Albert Memmi a écrit en 1993 un excellent dictionnaire "A contre-courants", et y remet bien des choses au clair sur les "complaisances" et les "errements" de notre temps.

Ecrit par : DUMOUCH Rodolphe | 09 mars 2006

Tiens ! Des profs (des femmes, apparemment) qui "flagornent avec la hiérarchie pédagogo"… Est-ce possible ?

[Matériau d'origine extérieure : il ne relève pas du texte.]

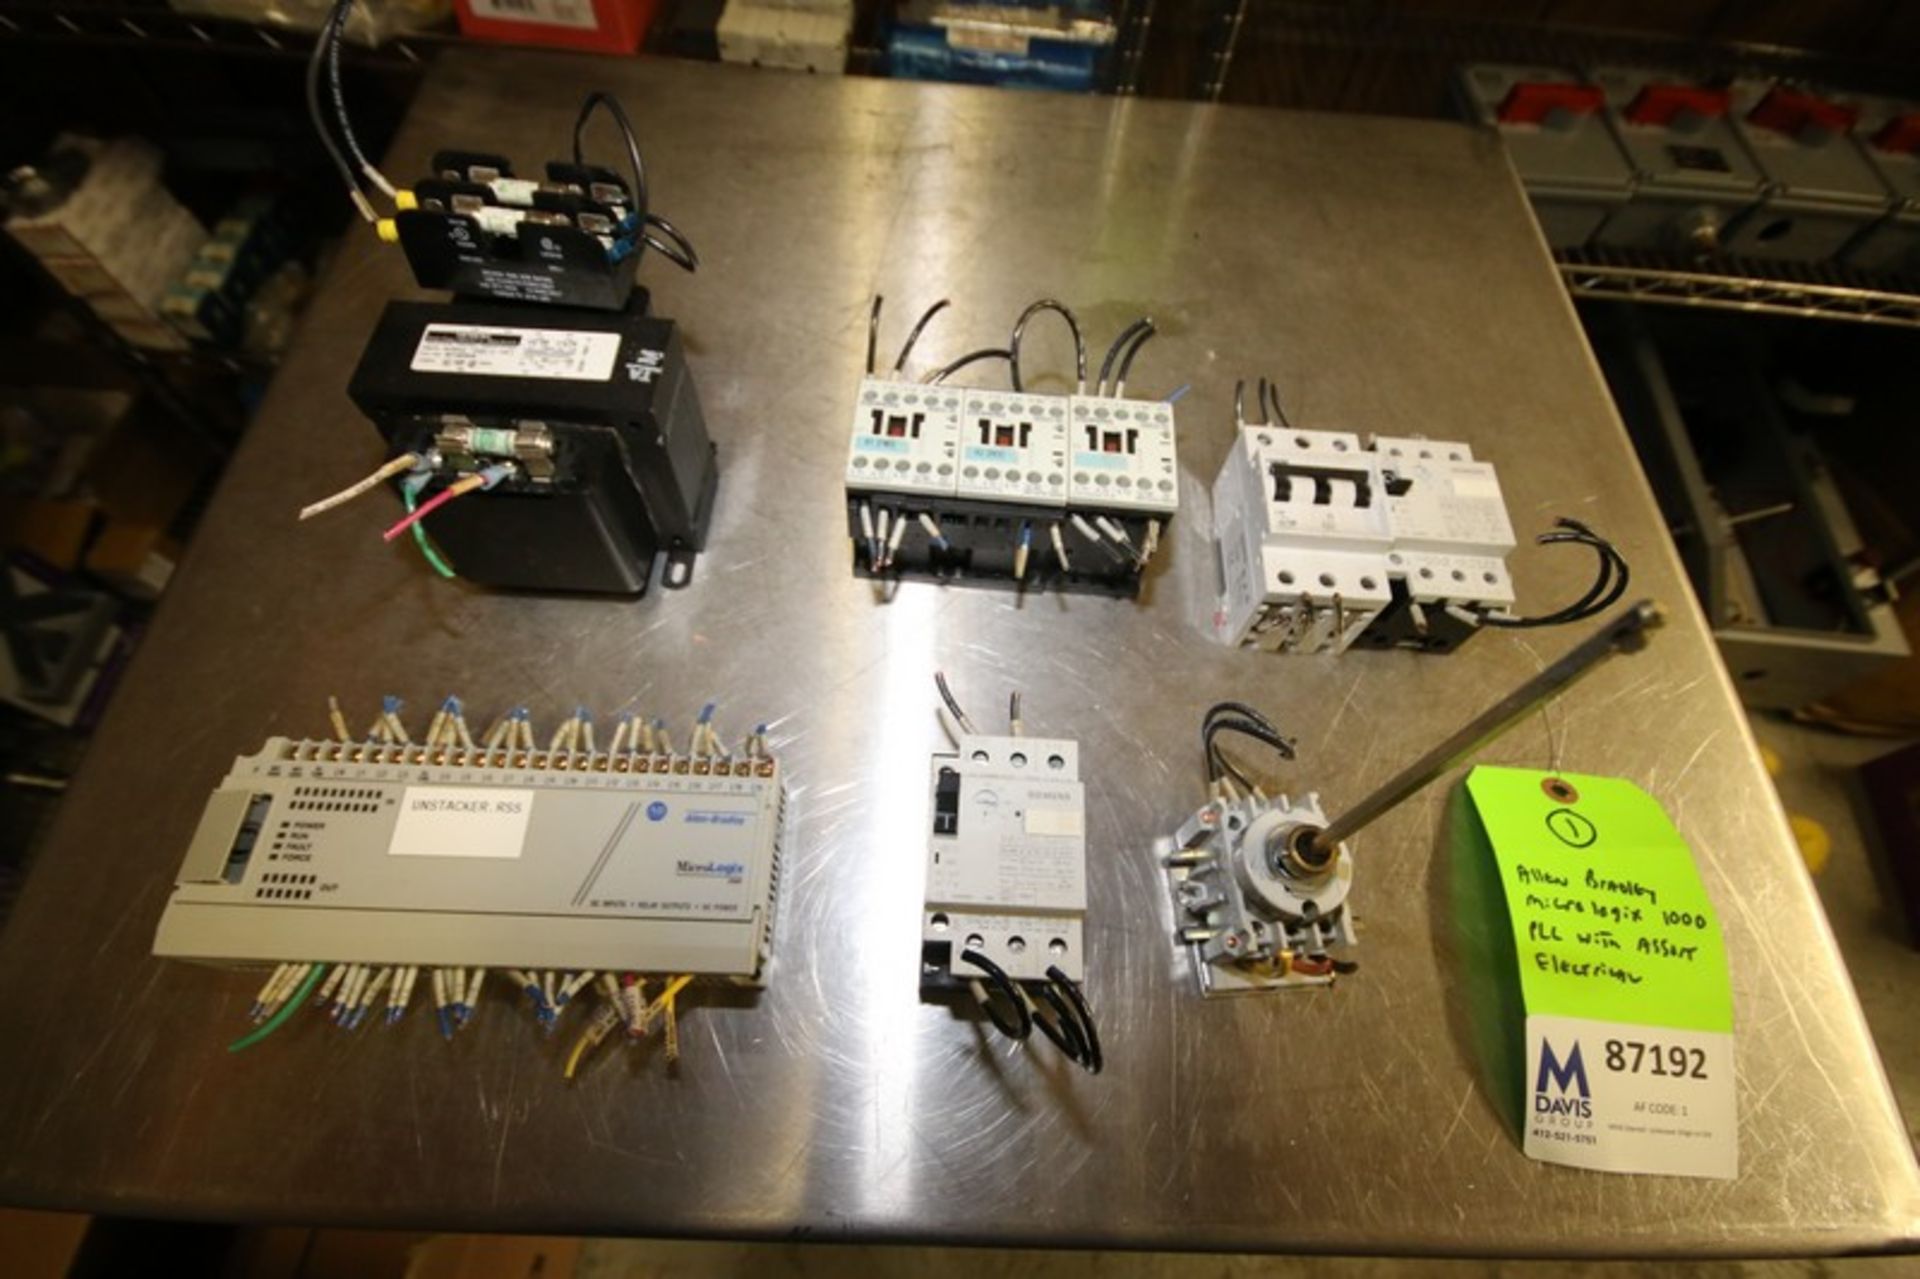 Production Control Panel Electrical Includes Allen Bradley Micrologix 1000 PLC Controller - Cat. No.

Vous avez raison et tort, Rodolphe. Raison en ce que je m'emporte un peu, en ce moment, en réponse à des messages plus ou moins incohérents, qui ont pour but unique de me faire dire des choses extrémistes. Il n'y a pas de rédemption dans la souffrance (mais, parfois, des apprentissages : voyez en sport…).
Tort sur un point : j'en demande davantage à mes élèves que le rendu d'un cours. Je fais le pari, à chaque fois, que des étincelles de génie brilleront (et ça arrive, au fond, assez souvent — petites étincelles…). Le but ultime n'est-il pas d'avoir des élèves qui nous surpassent ? D'ailleurs, là aussi, voyez en sport les rapports de l'athlète (l'élève) et de son entraîneur (nous…).
Evidemment, certains n'y arriveront jamais. Mais c'est comme cela que l'on établit sa hiérarchie des notes.
Mon ami Laurent Lafforgue, le mathématicien, trouve par ailleurs que le niveau des "meilleurs" élèves — les prépas — s'effondre lamentablement. Dans ses moments de grande forme, il affirme qu'un Certificat d'Etudes de 1925 en comprenait davantage, en maths, qu'un Bac S de 2005. Sans doute veut-il parler de compréhension de la mathématique… Mais son avis, pour polémique qu'il soit, mérite qu'on s'y arrête.

Je ne sacque jamais pour le principe. Mais je ne peux pas accepter de mettre des notes correctes à des réalisations stupides, ou prétentieuses, ou erronées. Il m'arrive d'être dur, à l'oral, avec les élèves — pour les faire réagir. Les provoquer. Je crois m'y entendre. Bref, je fais de la pédagogie instantanée — je ne l'ai pas apprise, et je suis sûr d'une chose : ça ne s'apprend pas.

JPB

Ecrit par : brighelli | 09 mars 2006

D'accord.

Mais dans ma matière aussi on ne peut se limiter à rendre un cours. Là aussi on peut aller "plus loin".